In The Rosseau Group Inc. v. 2528061 Ontario Inc. (Ont CA, 2023) the Court of Appeal considered whether issue estoppel applied to prevent a dismissed fact issue (first advanced at an interlocutory motion) being advanced again at trial. The court resolved this on the 'final versus interlocutory' distinction:
[49] Nor did the reasons given on the motion to vacate the CPL, that Rosseau Group was not ready, willing, and able to close because it took no steps to assume the BMO Mortgage, preclude the trial judge from reaching a different conclusion on this point.

[50] 252 relies on the principle accepted in Earley-Kendall v. Sirard, 2007 ONCA 468, 225 O.A.C. 246, at para. 43, that a decision on an interlocutory motion is binding on the parties with respect to other proceedings in the same action. In Earley-Kendall, a defence motion seeking to adjourn the trial to allow for a medical examination of the plaintiff was dismissed. This was held to preclude a second defence motion compelling the plaintiff to attend a defence medical examination. The two defence motions were found to have been for substantially the same relief; the decision on the first motion therefore barred the second motion under the doctrine of issue estoppel: at paras. 44, 45, and 47.

[51] 252 argues that this principle has been applied to preclude a party, on a motion for summary judgment, from arguing a point decided against them on a CPL motion, and that the same approach should follow at trial. It points to Lamba v. Mitchell, 2021 ONSC 1612, where one of the issues on a summary judgment motion was whether there had been a material misrepresentation in pre-contractual information about the house that was to be purchased. The summary judgment motion judge noted, as one of the reasons for rejecting the claim of material misrepresentation, that there was a finding about this issue on an earlier motion for leave to issue a CPL: at paras. 31-35. He used this as an alternative ground for rejecting the argument of material misrepresentation, having also found on the record before him that there was no material misrepresentation: at para. 30.

[52] I do not accept the argument of 252 that the trial judge was, in this case, bound by the reasons given when the CPL was vacated. To the extent that the decision in Lamba suggests otherwise, it is inconsistent with the jurisprudence of this court and should not be followed.

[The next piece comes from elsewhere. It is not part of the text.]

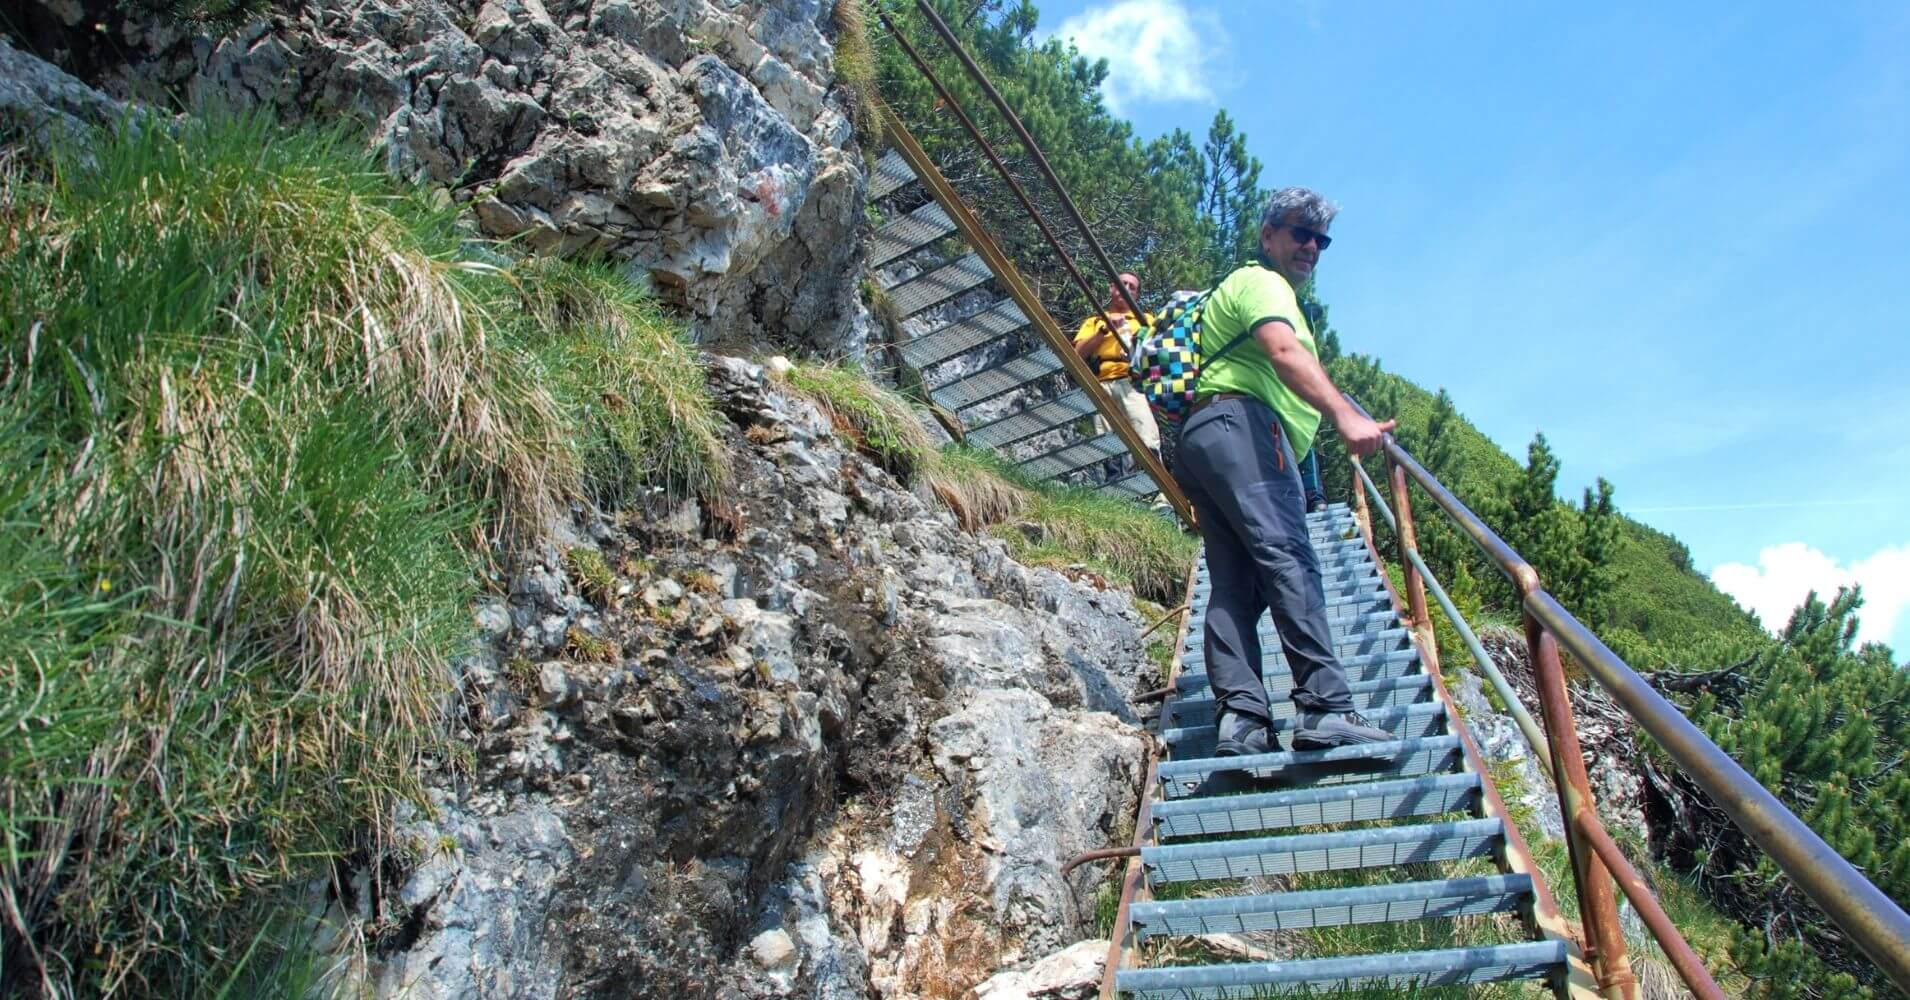 Escaleras del Camino Equipado. Cortina d' Ampezzo. Belluno, Véneto. Italia.

[53] The principle in Earley-Kendall applies to prevent a party from relitigating a decision. When the question is whether a trial judge is bound by something that occurred on an interlocutory motion, the distinction between what was decided and the reasons why that decision was made is important.

[54] A CPL confers no rights − it gives notice that there is a claim in the action to an interest in land. The decision as to whether a CPL should be granted or vacated is only a decision about whether notice of the claim should be registered or removed from title. The claim itself is only determined by the final decision in the action: G.P.I. Greenfield Pioneer Inc. v. Moore, 2002 CanLII 6832 (ON CA), [2002] 58 O.R. (3d) 87 (C.A.), at para. 26. A decision about the CPL does not determine the validity of the claim one way or the other. Litigating the claim, and issues in the claim, at trial is not relitigating anything decided in a motion about the CPL.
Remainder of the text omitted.